Ng Wai T, Chan Siu H, Lee Anne W M, Lau Kam Y, Yau Tze K, Hung Wai M, Lee Michael C H, Choi Cheuk W
Department of Clinical Oncology, Pamela Youde Nethersole Eastern Hospital, Hong Kong, People's Republic of China.
Int J Radiat Oncol Biol Phys. 2008 Nov 15;72(4):1082-9. doi: 10.1016/j.ijrobp.2008.02.006. Epub 2008 Apr 12.
To retrospectively analyze the prognostic value of parapharyngeal space (PPS) extension after conformal radiotherapy for nasopharyngeal carcinoma.
Between 1998 and 2005, 700 patients were treated with conformal radiotherapy at 2 Gy/fraction daily to a total of 70 Gy. All patients underwent staging with magnetic resonance imaging. The incidence of PPS was determined, and the extent of involvement was further subclassified regarding the presence or absence of carotid space (CS) involvement. The prognostic parameters, including age, gender, stage, chemotherapy, additional boosting, and extent of PPS involvement, were analyzed by univariate and multivariate analyses.

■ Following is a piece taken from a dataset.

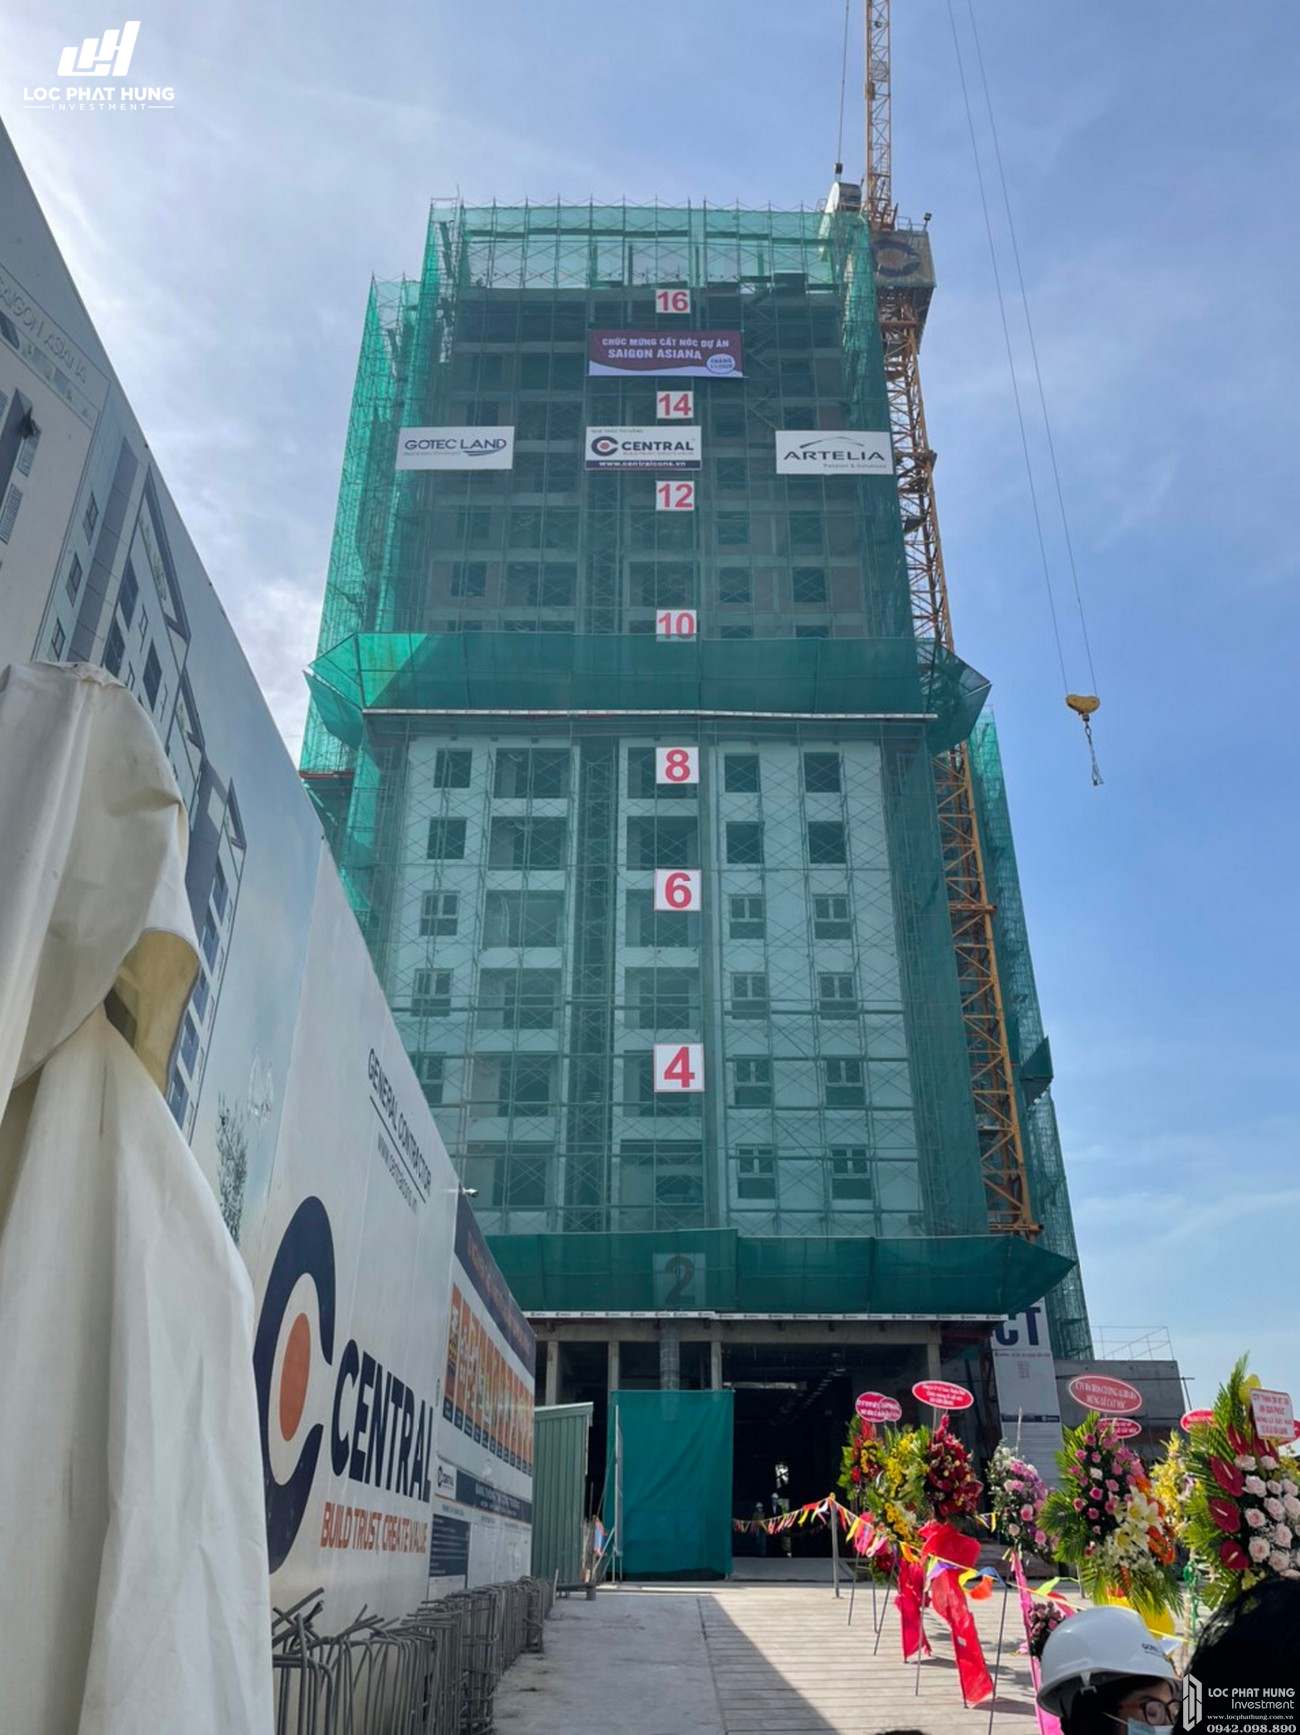 Lễ cất nóc dự án căn hộ chung cư Saigon Asiana Quận 6 tháng 12/2020 Đường Nguyễn Văn Luông chủ đầu tư Gotec Land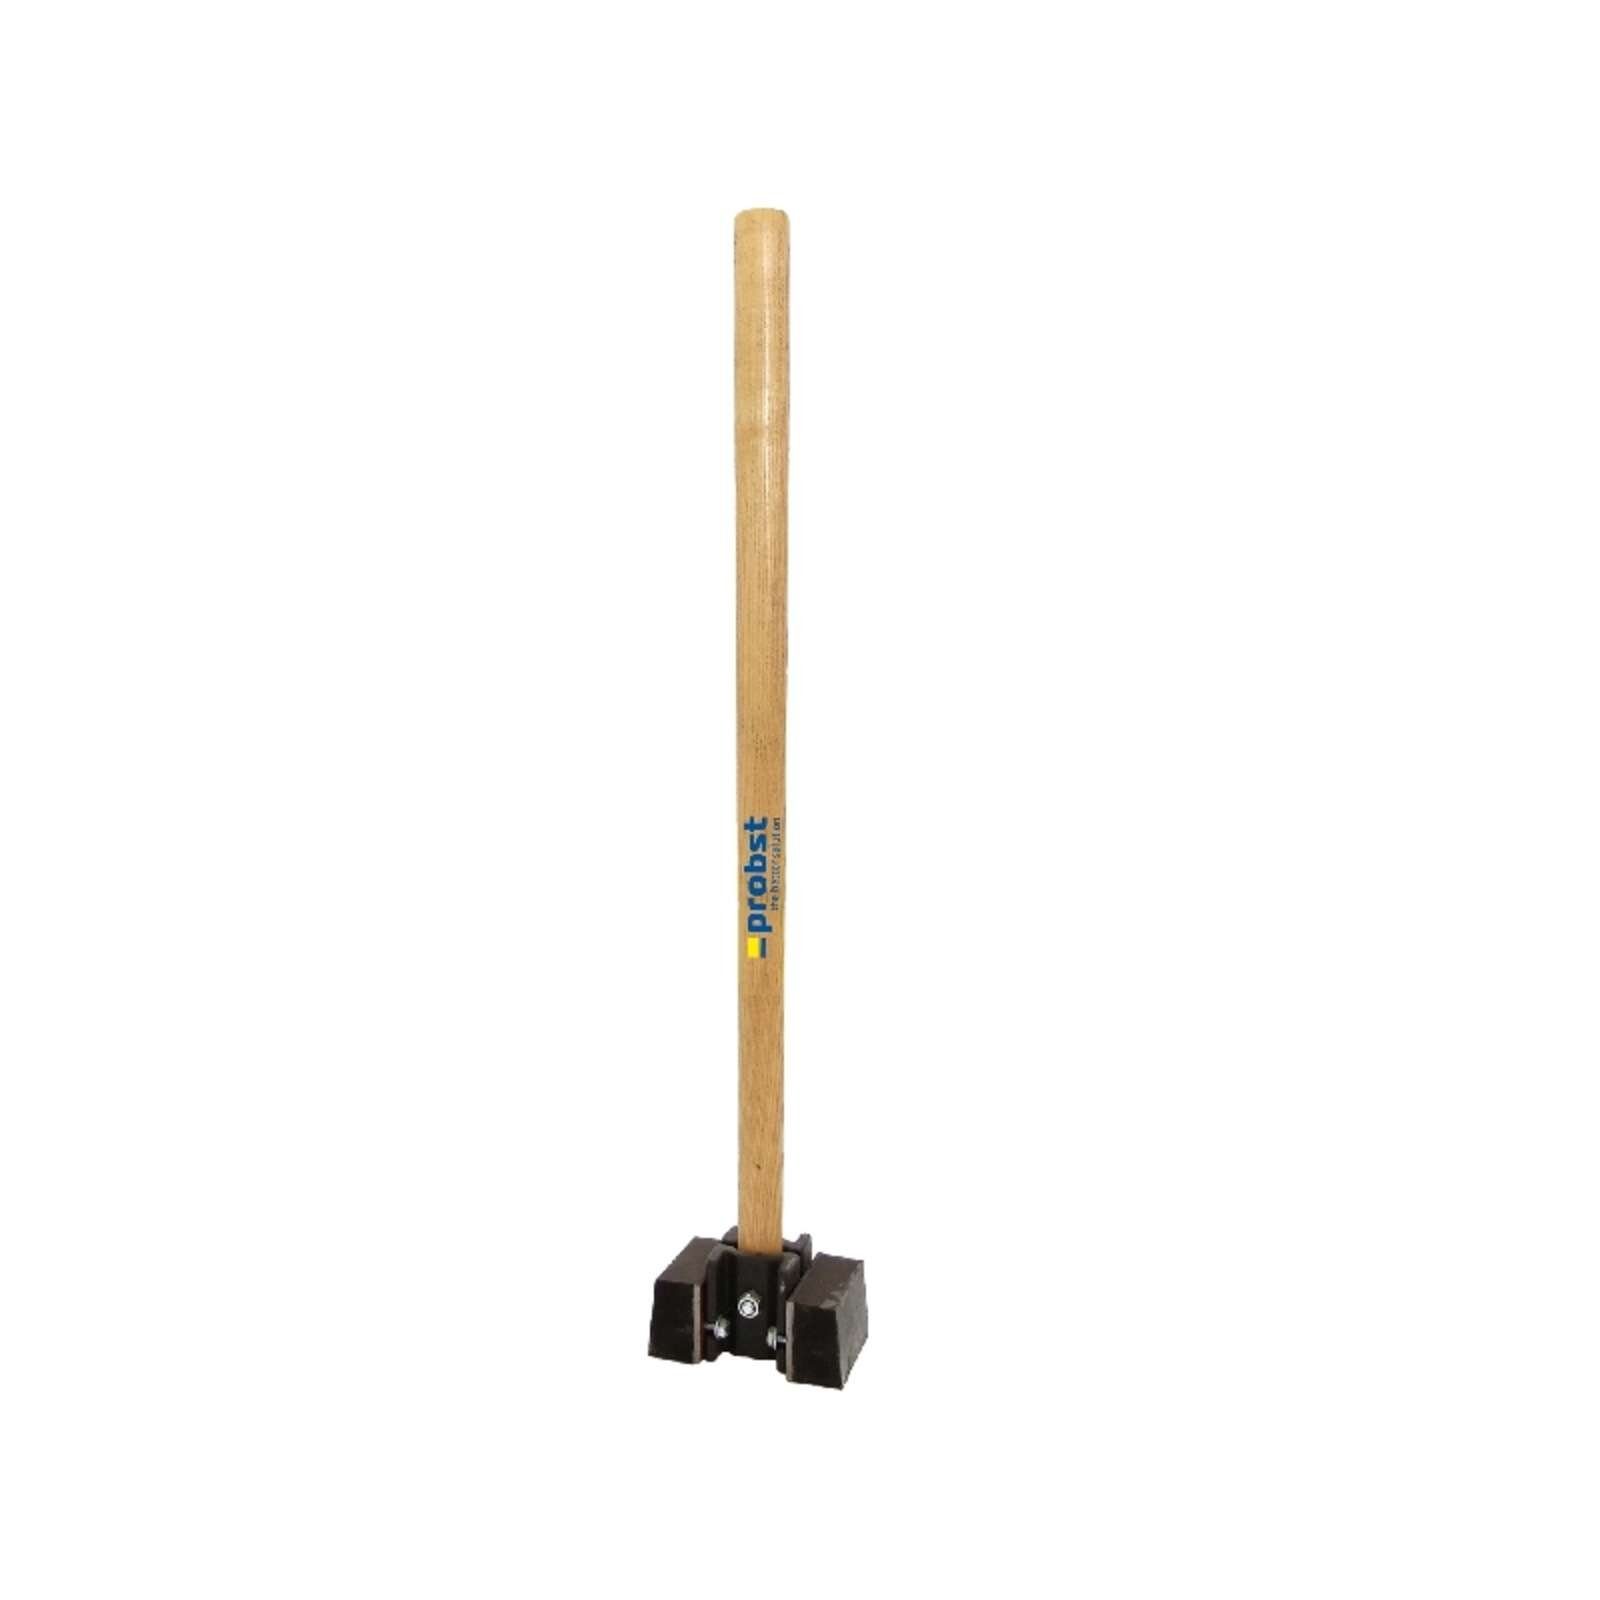 HaWe 230.80 Gummi-Hammer HaWe Plattenlegerhammer, 2,2kg, 800mm Schonhammer, Hammer

The median duration of follow-up was 51 months, and the 5-year overall survival rate for the whole group was 73%. The overall incidence of PPS extension was high (74%), and 29% had additional extension to the CS. Multivariate analysis showed age, gender, chemotherapy, T stage, and N stage to be significant prognostic factors, but not PPS involvement with or without CS extension. In the subgroup of patients with Stage T2 disease (n = 242), the presence of PPS involvement alone or PPS plus CS extension had no statistically significant effect in terms of local control (p = 0.68), distant metastases (p = 0.34), or overall survival (p = 0.24) compared with those without PPS involvement (Stage T2a).
With better tumor delineation by magnetic resonance imaging and improved coverage using modern radiotherapy techniques, PPS extension per se no longer predicts for disease outcome. Hence, subcategorizing Stage T2 disease is no longer important in future International Union Against Cancer/American Joint Committee on Cancer classifications.
回顾性分析鼻咽癌适形放疗后咽旁间隙(PPS)扩展的预后价值。
1998年至2005年间,700例患者接受了适形放疗,每日剂量2 Gy/分次,总剂量达70 Gy。所有患者均接受了磁共振成像分期。确定PPS的发生率,并根据是否存在颈动脉间隙(CS)受累进一步对受累范围进行亚分类。通过单因素和多因素分析对包括年龄、性别、分期、化疗、追加增敏放疗以及PPS受累范围等预后参数进行分析。
中位随访时间为51个月,全组5年总生存率为73%。PPS扩展的总体发生率较高(74%),29%伴有CS额外受累。多因素分析显示年龄、性别、化疗、T分期和N分期是显著的预后因素,但PPS受累与否及是否伴有CS扩展并非预后因素。在T2期疾病患者亚组(n = 242)中,与无PPS受累(T2a期)的患者相比,单纯PPS受累或PPS加CS扩展在局部控制(p = 0.68)、远处转移(p = 0.34)或总生存(p = 0.24)方面无统计学显著差异。
随着磁共振成像对肿瘤的更好勾画以及现代放疗技术覆盖范围的改善,PPS扩展本身不再能预测疾病转归。因此,在未来国际抗癌联盟/美国癌症联合委员会的分类中,对T2期疾病进行亚分类不再重要。